Built-in Agent (Fallback)¶
Trailblaze ships a built-in agent — trailblaze step, plus the vision primitives
trailblaze ask and trailblaze verify — for cases where you don’t have a coding agent
in the loop. It’s the same agent that powers --self-heal and the CI fallback path.
(trailblaze blaze remains accepted as a deprecated alias of trailblaze step.)
These commands appear under Built-in agent: at the bottom of trailblaze --help,
below the recommended deterministic primitives. They require an LLM:
trailblaze config llm anthropic/claude-sonnet-4-20250514
The built-in agent implements features from the Mobile-Agent-v3 research line: exception handling for popups and stuck states, reflection and self-correction, task decomposition, cross-app memory, and enhanced recording for robust replay.
For serious authoring work, you want a real coding agent (Claude Code, Cursor, Codex) driving the Trailblaze primitives instead — those bring your codebase, log inspection, and project context to the loop, which the built-in agent can’t.
Where to Go Next¶
- New here?

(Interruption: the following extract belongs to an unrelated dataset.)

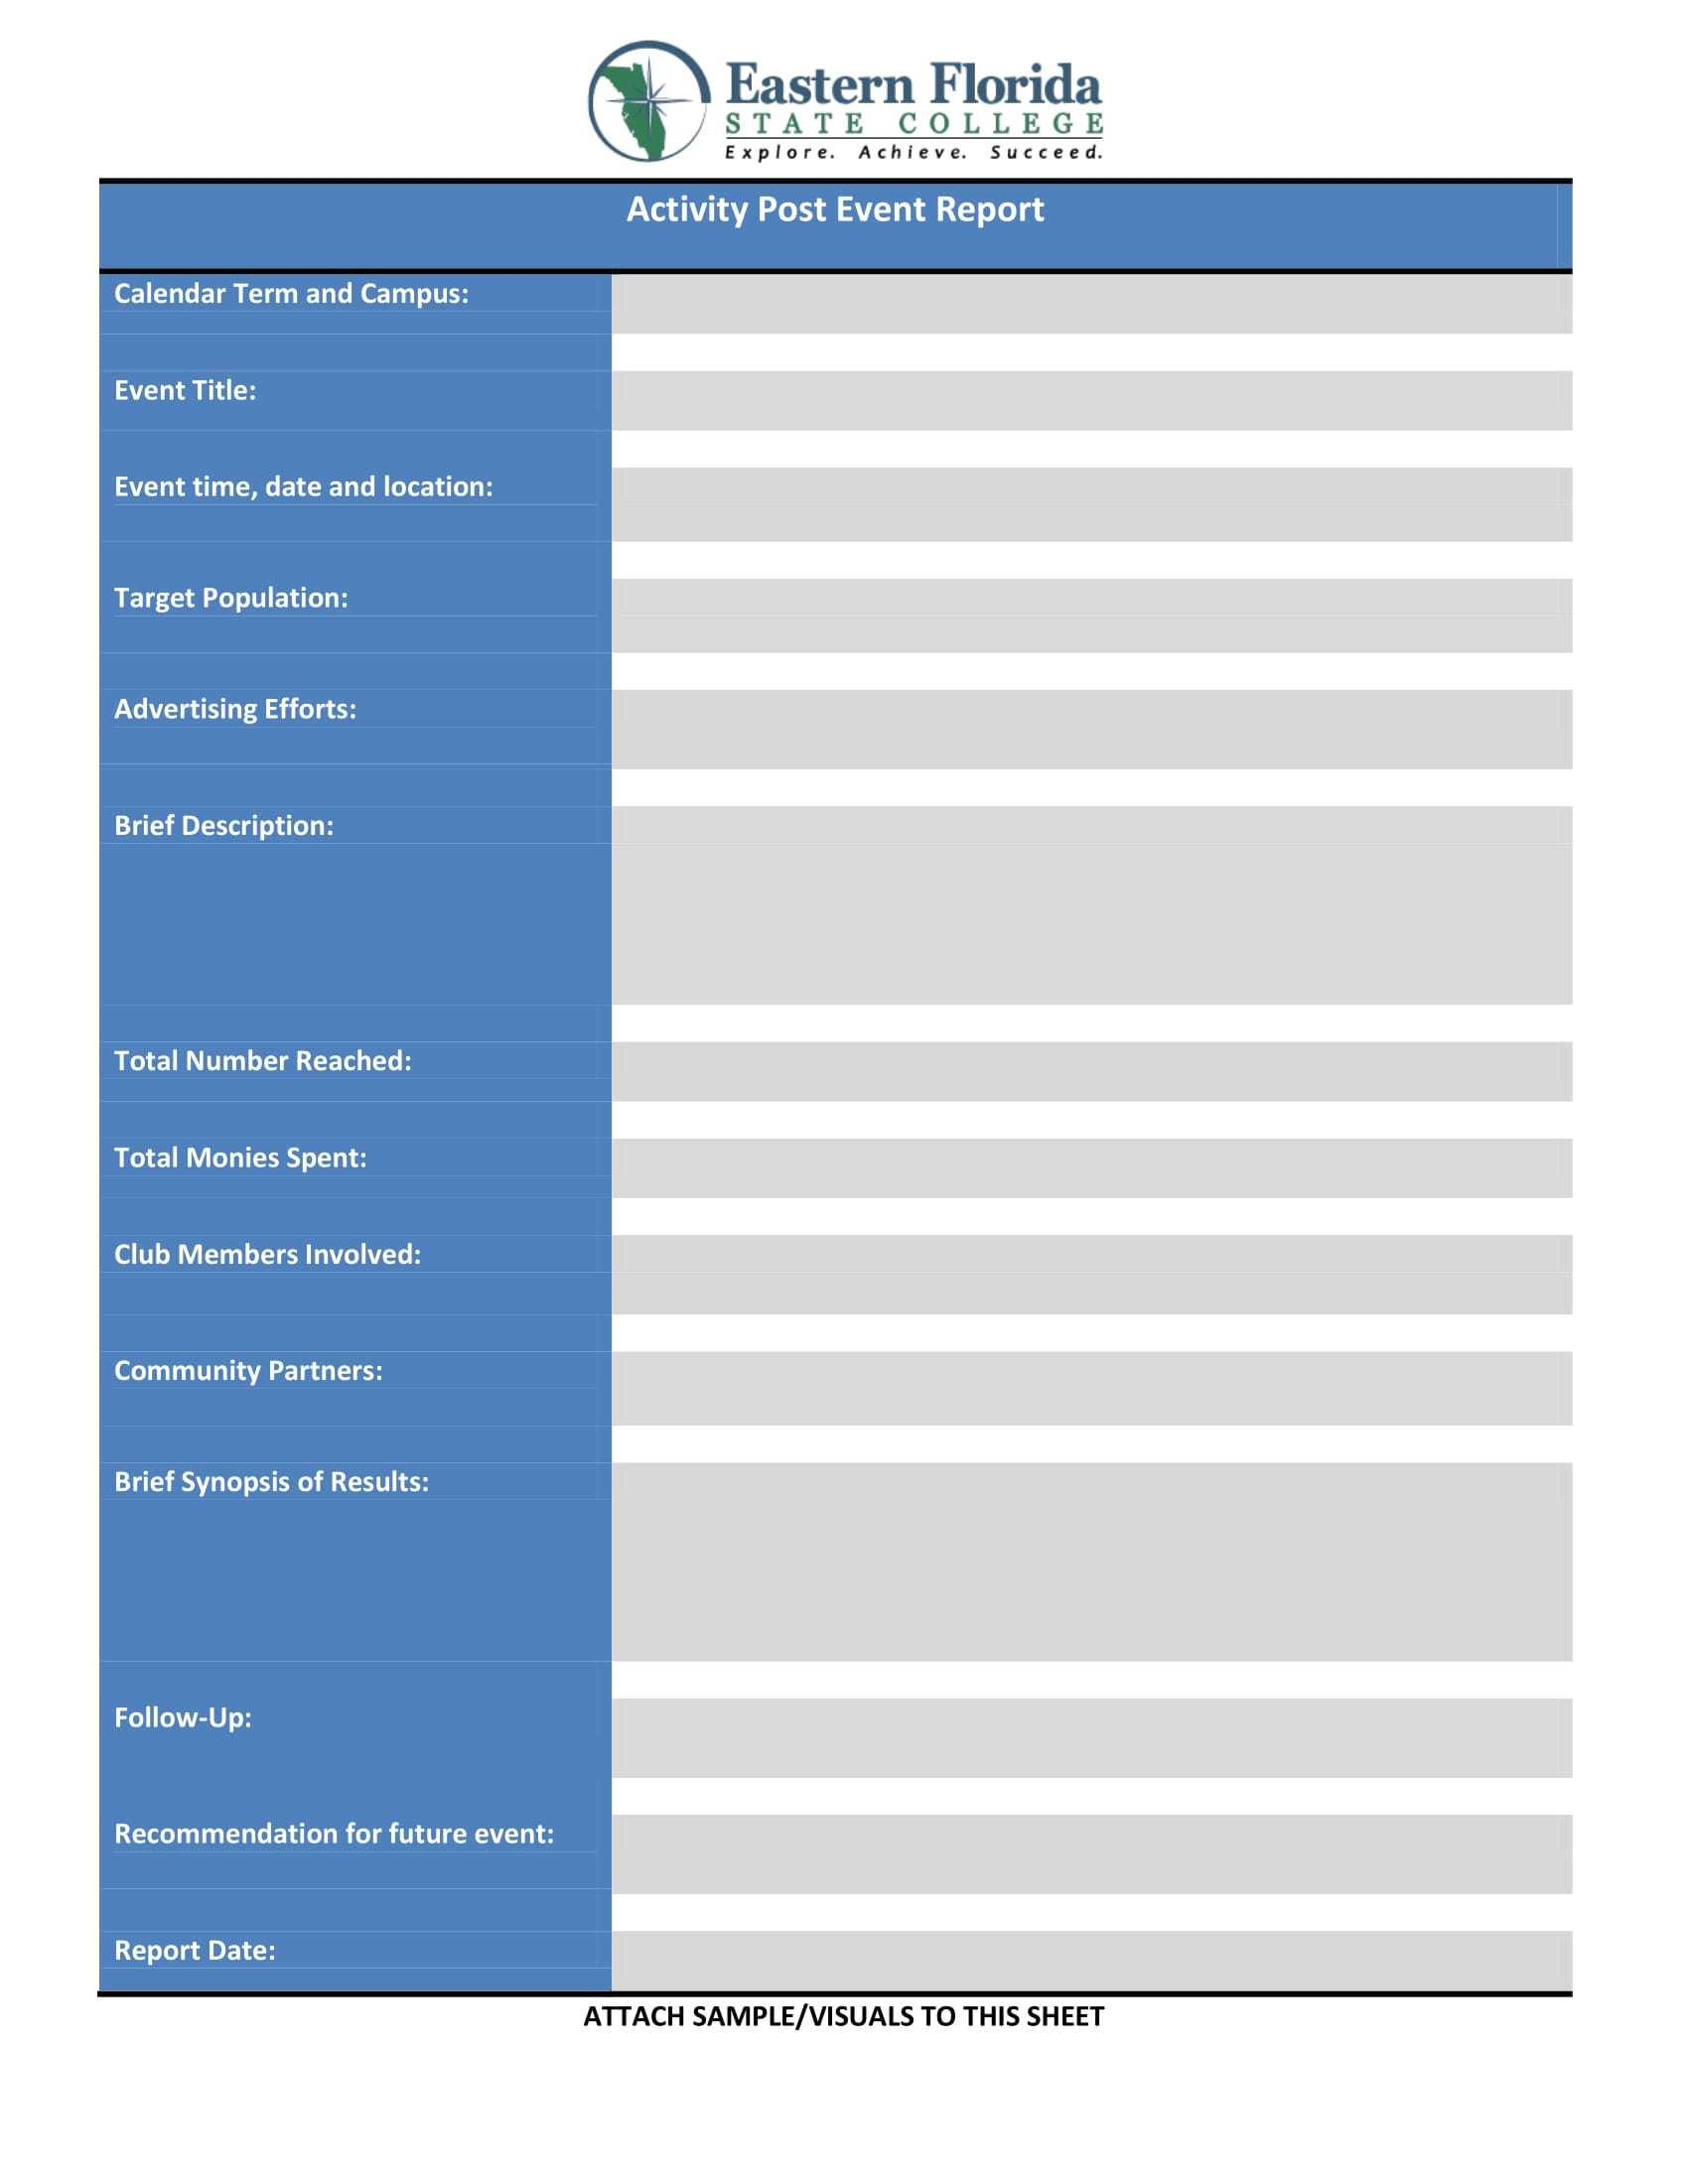 9+ Event Report - Pdf, Docs, Word, Pages | Examples Regarding Post Event Evaluation Report Template

Start with Getting Started.
- Wiring a coding agent over the CLI? See the CLI reference and the README.
- Authoring trails? See Project Layout and Configuration.
- Composing your own surface? Start with Your First Trailmap — it’s the workspace-to-passing-run walkthrough and links onward to the per-tool Scripted Tools (TypeScript) reference, the Trailmaps manifest schema, and the Trailblaze Tools catalog of scripted / pure-YAML / Kotlin flavors.
- Customizing the LLM? See LLM Configuration and Built-in Models.
- Going deep? See Architecture and the devlog.
License¶
Trailblaze is licensed under the Apache License 2.0.